Gentrification May Be Killing The Gay Bar. But The Way The LGBTQ Community Communes Today Is Changing.

From coast to coast, gay bars seem to be disappearing.

In recent years, San Francisco has lost The Gangway, the city’s oldest continuously running gay establishment and Latino staple Esta Noche in the Mission, as well as Lion Pub, The Lexington Club and Marlena’s.

In New York, legendary leather bar The Rawhide, open since 1979, ‘90s power club Splash, and Chelsea’s G Lounge, have all shuttered, not to mention Urge Lounge, Escuelita, and once-throbbing parties such as Westgay, Pretty Ugly, and JB Saturday’s.

In Los Angeles, The Palms, one of the city’s last remaining lesbian bars, WeHo’s diverse mega-club Circus Disco, and Silver Lake’s The Other Side have all gone — and the list seems to keep growing.

We all know the drill, that familiar story of gentrification once again running its course: Gays move in to downtrodden neighborhoods, open and other establishments, turn them into hip enclaves that quickly attract the developers and the upwardly-mobile straight families who then price them out of the very places they were at the forefront of revitalizing. (Race also, obviously, is an enormous factor in this.)

While we celebrate the meteoric expansion of LGBTQ rights, we still need places where we can celebrate our otherness.

We need look only to Miami Beach to see just how extreme this trend can become.
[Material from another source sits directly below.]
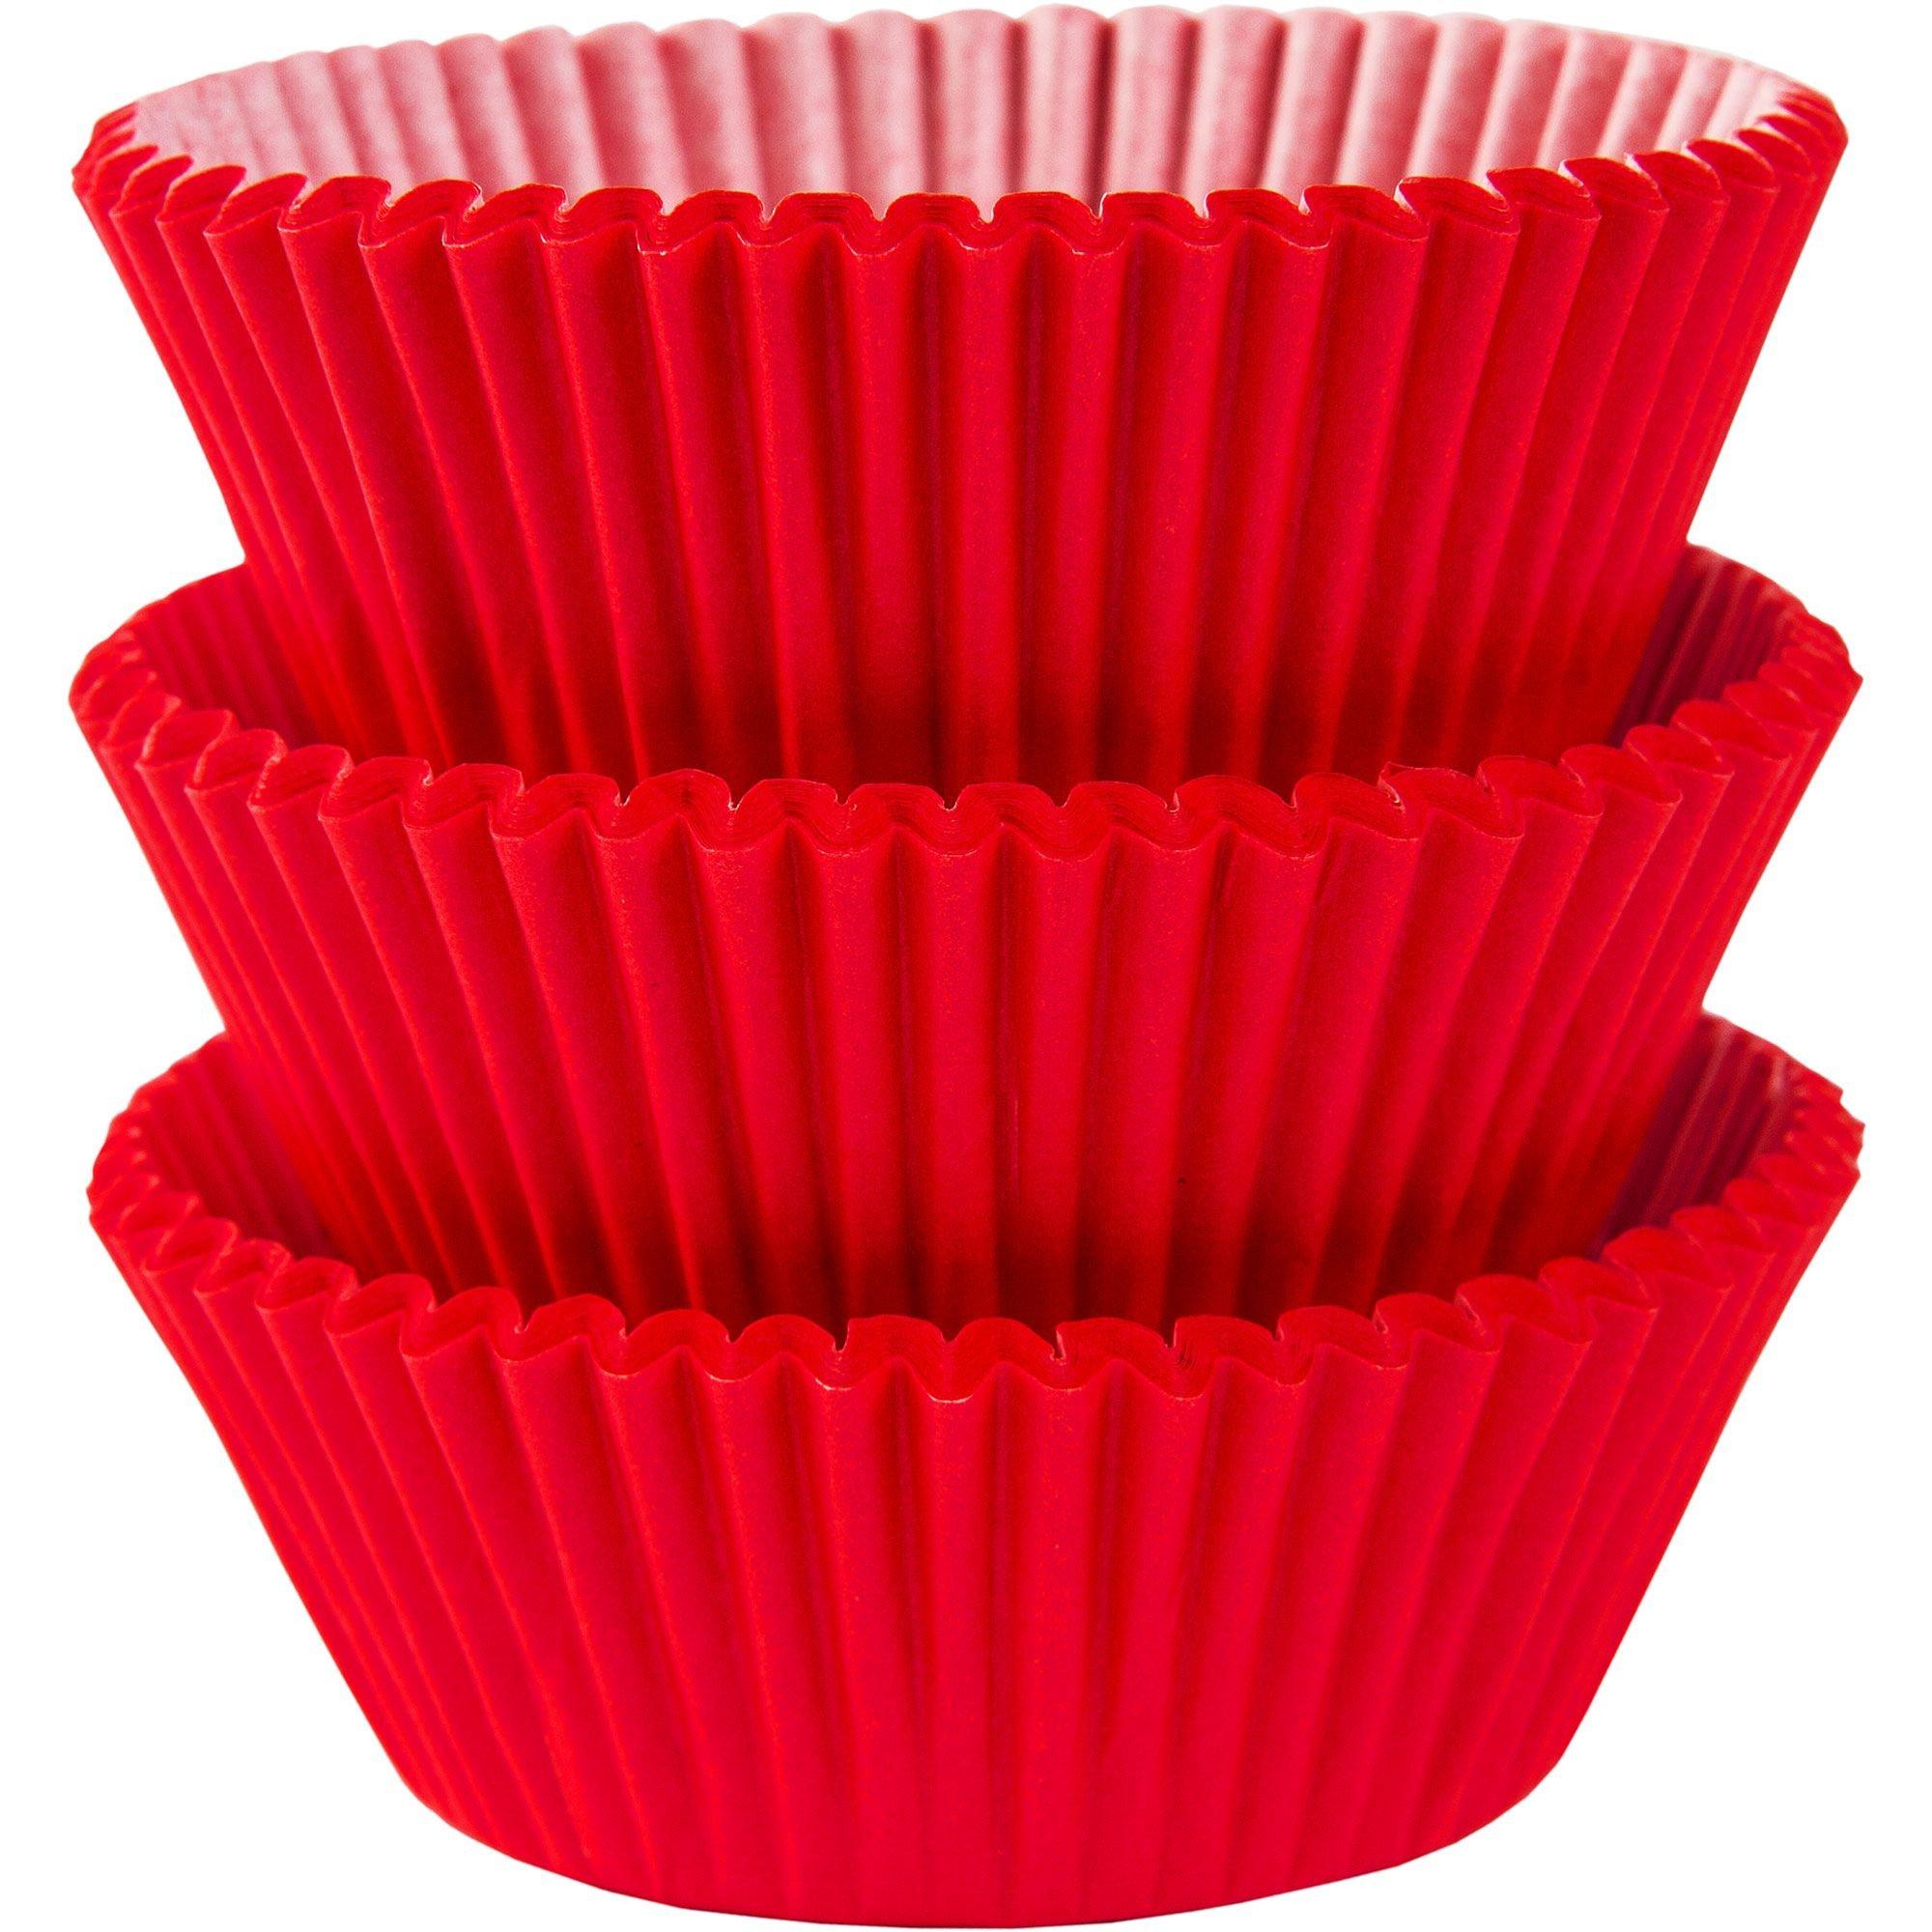 Jumbo Red Cupcake Liner, 20 ct.

Watching “The Assassination of Gianni Versace” on FX these past few months, I’m reminded of all the places I hung out in during my frequent visits to South Beach in the mid-‘90s: Warsaw. Amnesia. Salvation. Twist. Kremlin. Les Bains. A city that housed dozens of gay bars has been left with only a handful.

The condos go up and the gays move away, off to find more affordable digs that they can then spruce up and claim as their own. A walk through the West Village, Chelsea, or the Castro only serves to reinforce just how much has changed: Neighborhoods that were once thought of as gay “ghettos” have gotten complete makeovers, complete with expensive bistros, real estate offices, outposts of large corporate chains, bank branches, and probably a Whole Foods.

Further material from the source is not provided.